To ensure the state validity, we introduce a second role, called Fishermen. Say there’s on the order of 1,000-10,000 fishermen. At the beginning of each epoch each fisherman is randomly assigned to some number of shards, say it is again 4. To get the assignment the fisherman runs a VRF at the beginning of the epoch to randomly sample exactly four shards.

Once the epoch starts, whenever a block is created, the fisherman downloads all the chunks for the shards they are assigned to (conveniently since the chunks are distributed in a form of erasure-coded parts, chunk fetching can be parallelized), and validates them. The fisherman also randomly selects one erasure-coded part for each shard they are not assigned to and fetches it as well.

Once chunks are downloaded and reconstructed, the fisherman validates all the chunks, and creates a message which is either “YAY” if all the parts for all the shards were successfully fetched, and all the chunks in the assigned shards were valid, or “NAY” if at least one action was not successful, with a proof (see about proofs below). The fisherman doesn’t reveal the message immediately, instead it commits to it within 10 blocks after the block being validated was produced, and reveals the message within 10 blocks after that.

A nice property of this fisherman approach is that on the protocol level there’s someone who’s responsible to fish (so in a sense fisherman here is closer to a concept of a validator), which is different from common approach to fishing in which figuring out incentives for fishermen are not as easy.

The commit reveal scheme makes fishermen accountable. If fisherman A successfully fished, all the fishermen who committed to “YAY” will be slashed (and one must commit to something to get the reward).

Once a fisherman reveals a “NAY” message, they also reveal a proof of the invalid state transition (see below). Every block producer and fisherman needs to validate the proof. If the proof is wrong, the stake of the fisherman who produced it is slashed, and the system continues to operate.

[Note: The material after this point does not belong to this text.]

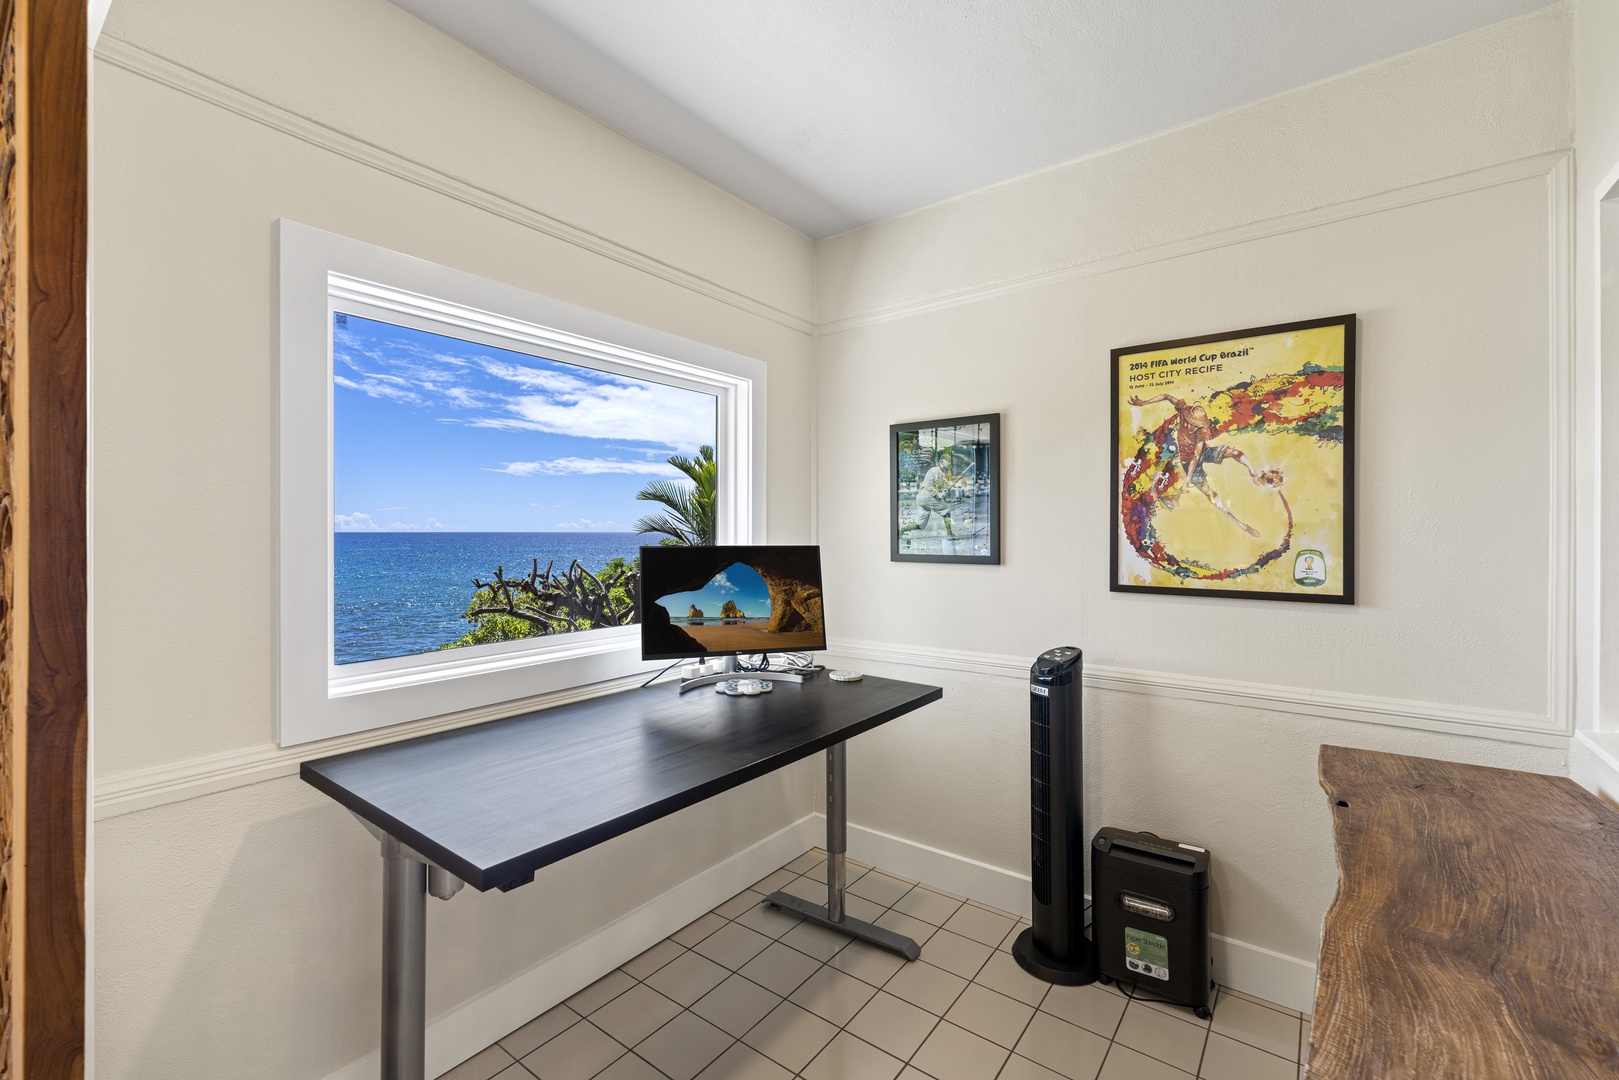 Kailua Kona Vacation Rentals, Ali'i Point #7 - Primary Bedroom desk area with a great Ocean View

If the proof is correct, every fisherman must reveal their bitmasks within the next 10 blocks, and any fisherman that fails to do so or reveals a bitmask and has the faulty shard assigned to them, but doesn’t reveal a corresponding “NAY” message, gets slashed. In this case the block producer and fishermen assignment is immediately redone. However, since it takes time to download the state for all actors involved, the system for some predefined time continues operation with the current assignments, effectively having lower security for some time (higher chance of adaptive corruption, since the fishermen are revealed).

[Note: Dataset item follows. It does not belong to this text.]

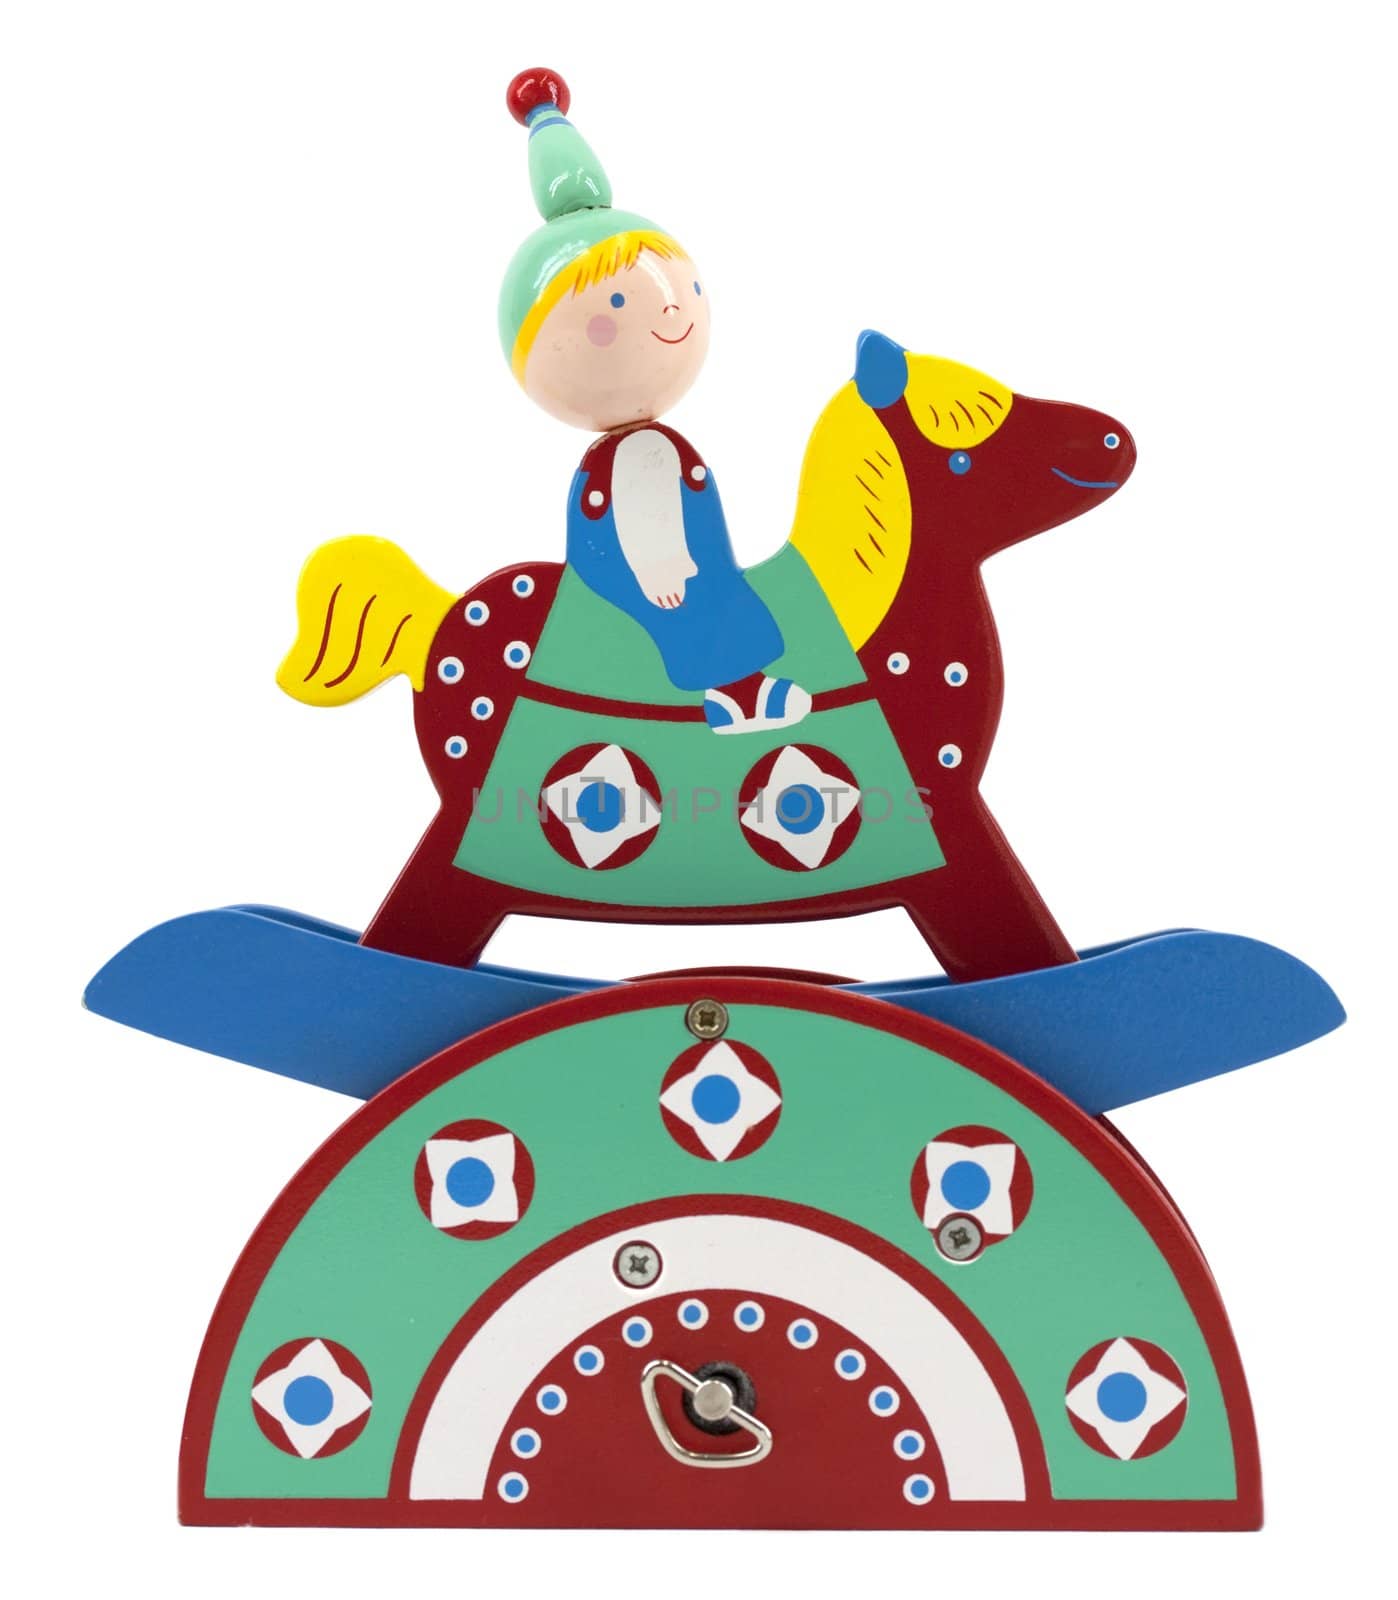 Colorful wooden music box with boy on rocking horse

The aftermath of a successful fishing attempt can be modeled as a fork, but we find it easier to think about it as the continuation of the same chain, but with the state transition of all the blocks from the block with the invalid state transition until the block with the successful fishing nullyfied.

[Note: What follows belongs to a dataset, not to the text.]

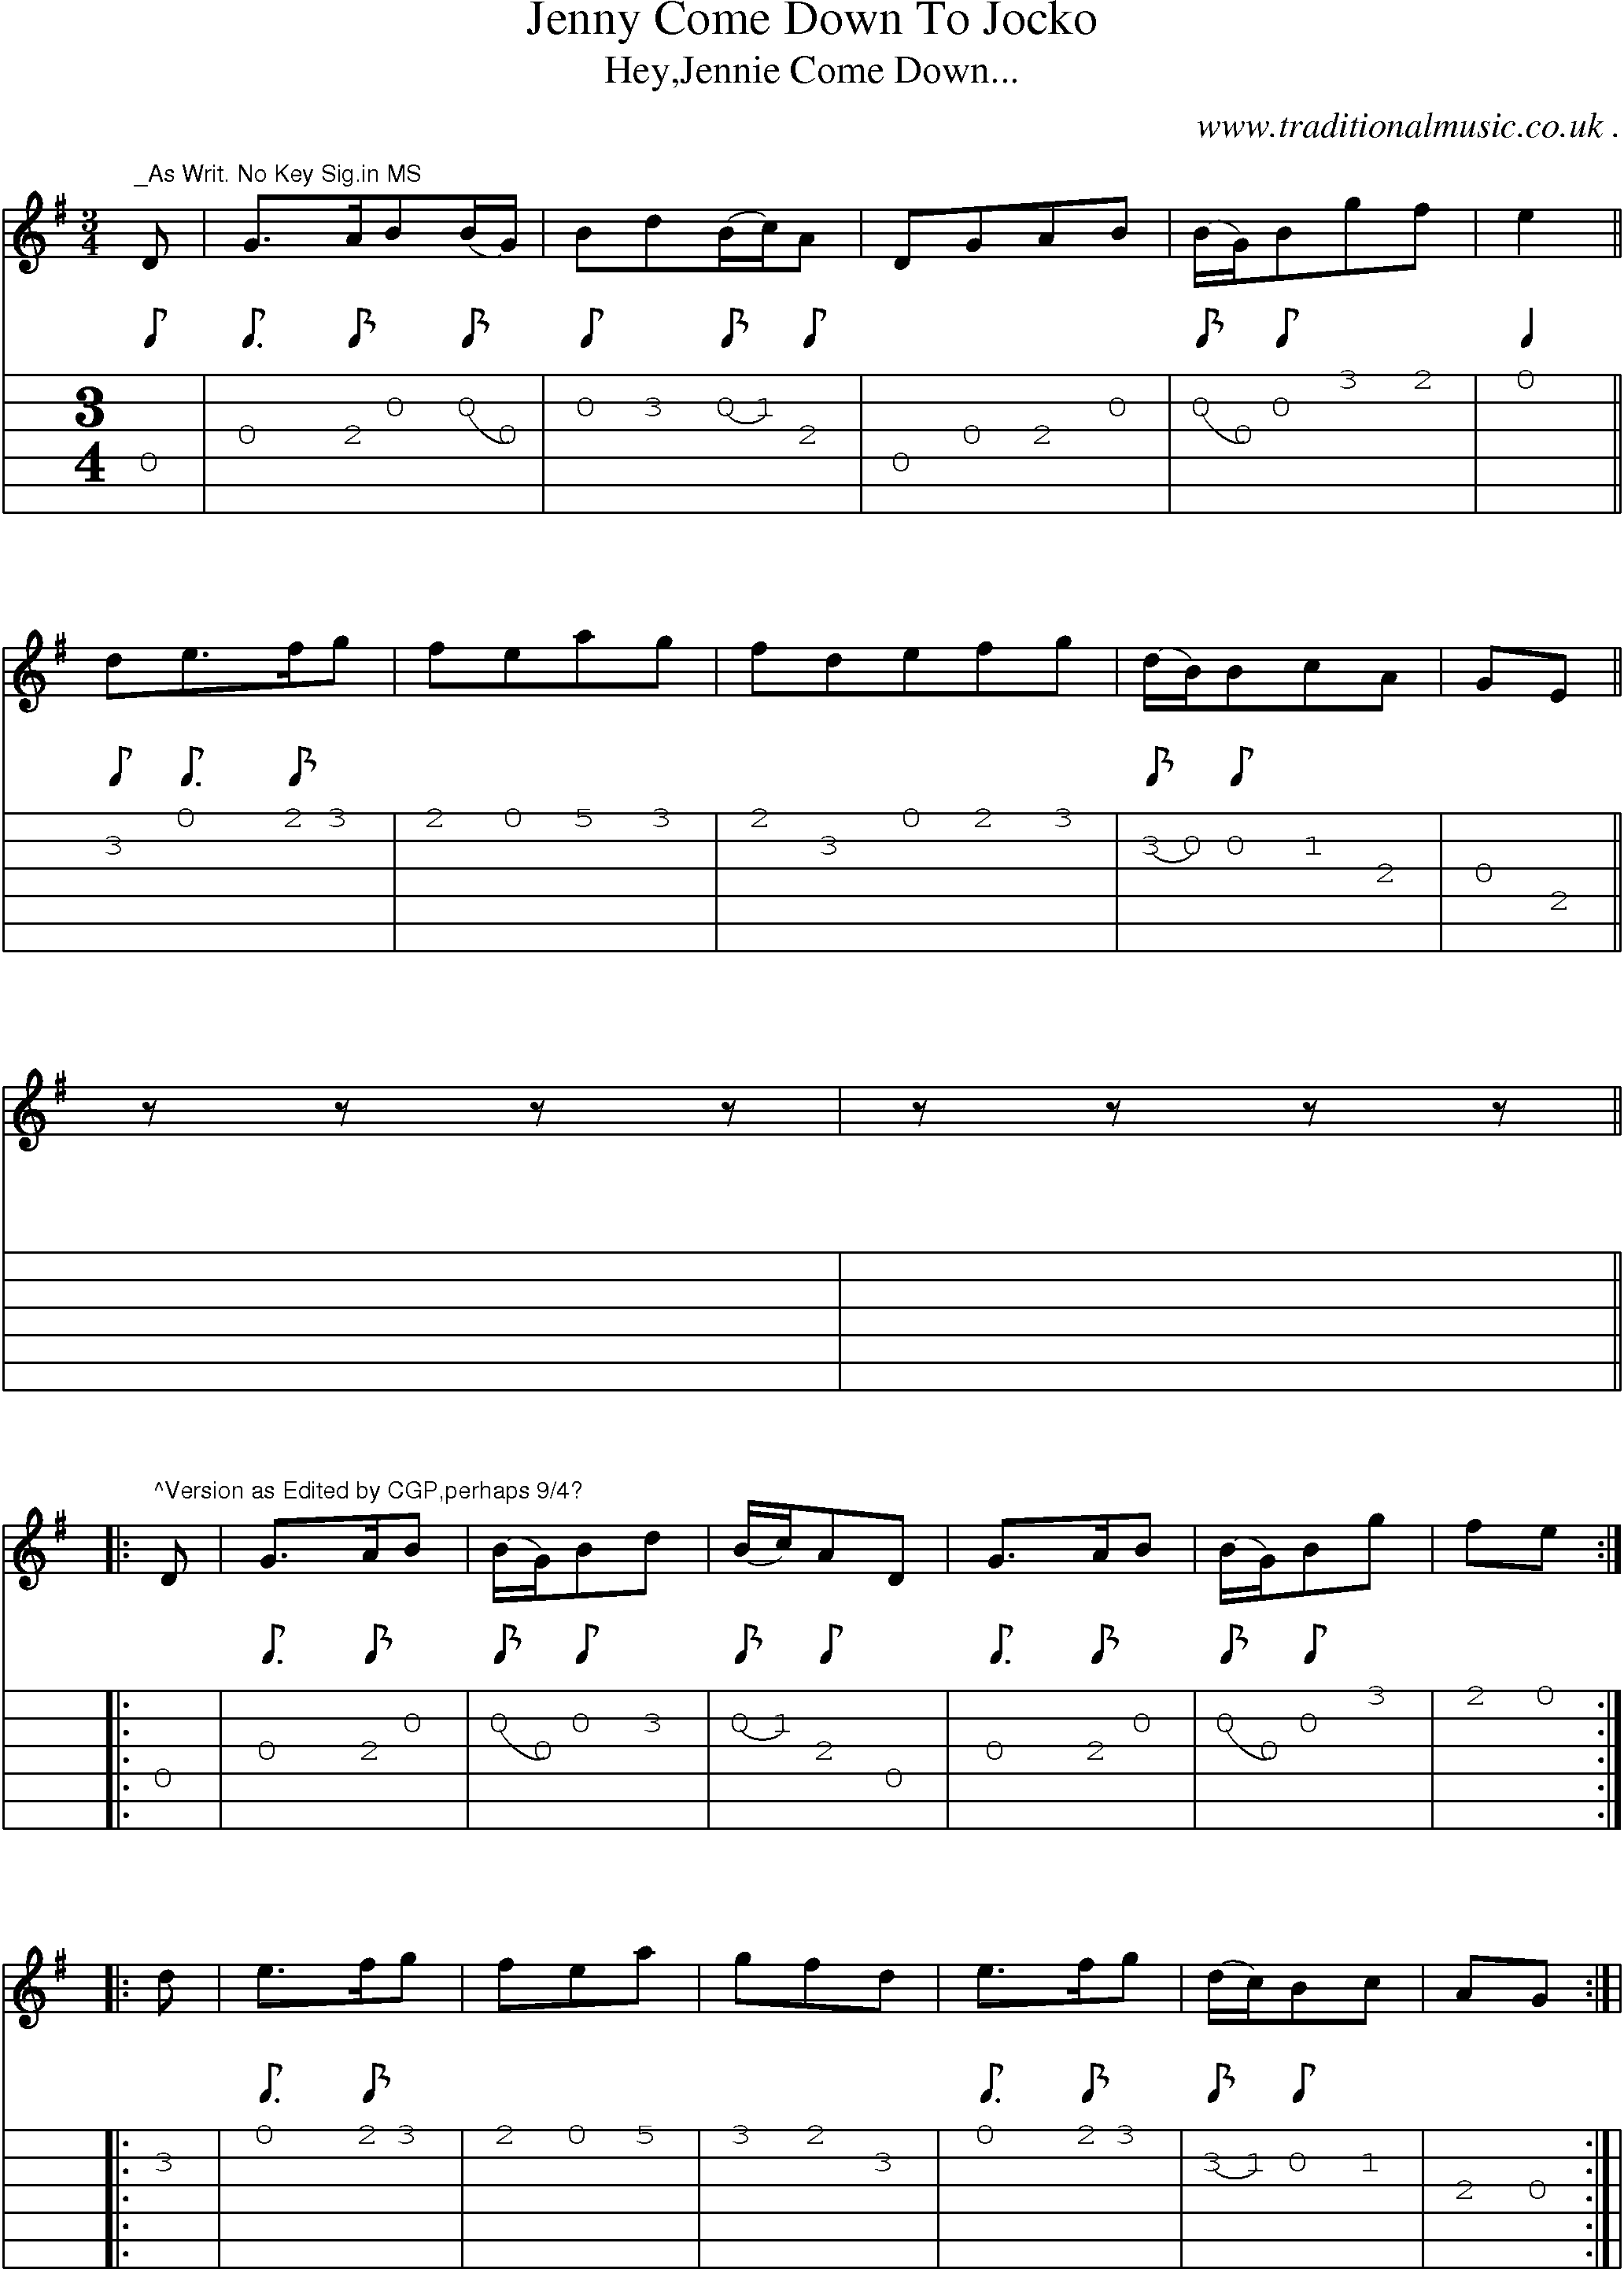 Sheet-Music and Guitar Tabs for Jenny Come Down To Jocko

Aggregating Fisherman Messages

There are two big problems with 1,000+ fishermen attesting in this way to block validity: a) the blocks will need to include more than 1,000 commitments per block, which is rather expensive, and b) the blocks will either need to include 1,000 cheap signatures, or one BLS signature, but validating a 1,000-fold BLS signature is relatively expensive.

To get around this issue the following model is proposed: each fisherman is assigned to one block producer. There are no requirements on the assignment procedure (we compare two different models at the end), in particular the fishermen assigned to a particular block producer are not necessarily assigned to the same shards. The role of the block producer is then to perform the following protocol after each block is produced:

Collect commits and reveals from each fisherman;
Build a merkle tree of such commits and reveals;
For each fisherman, send them a merkle root and the merkle proof of inclusion of that fisherman’s commits and reveals in the tree;
Collect a BLS signature part from each fisherman on the merkle tree root;
Include the BLS multisig from assigned fishermen and the merkle root into the block.

Ultimately the block producers choose a sample of other block producers to validate the multisigs from their fishermen, and only sign on the final block if for the sample they verified the multisigs were correct. A particular node that replays the block then can only validate the signature on the block from block producers, and assume that unless a very large percentage of the block producers colluded, the signatures from the fishermen were correct (they can still opt to validate the signatures themselves). Fishermen in consecutive blocks also validate a subset of multisigs of fishermen from the previous block, and if such a signature was faked, within few blocks the majority of fishermen will stop signing the blocks.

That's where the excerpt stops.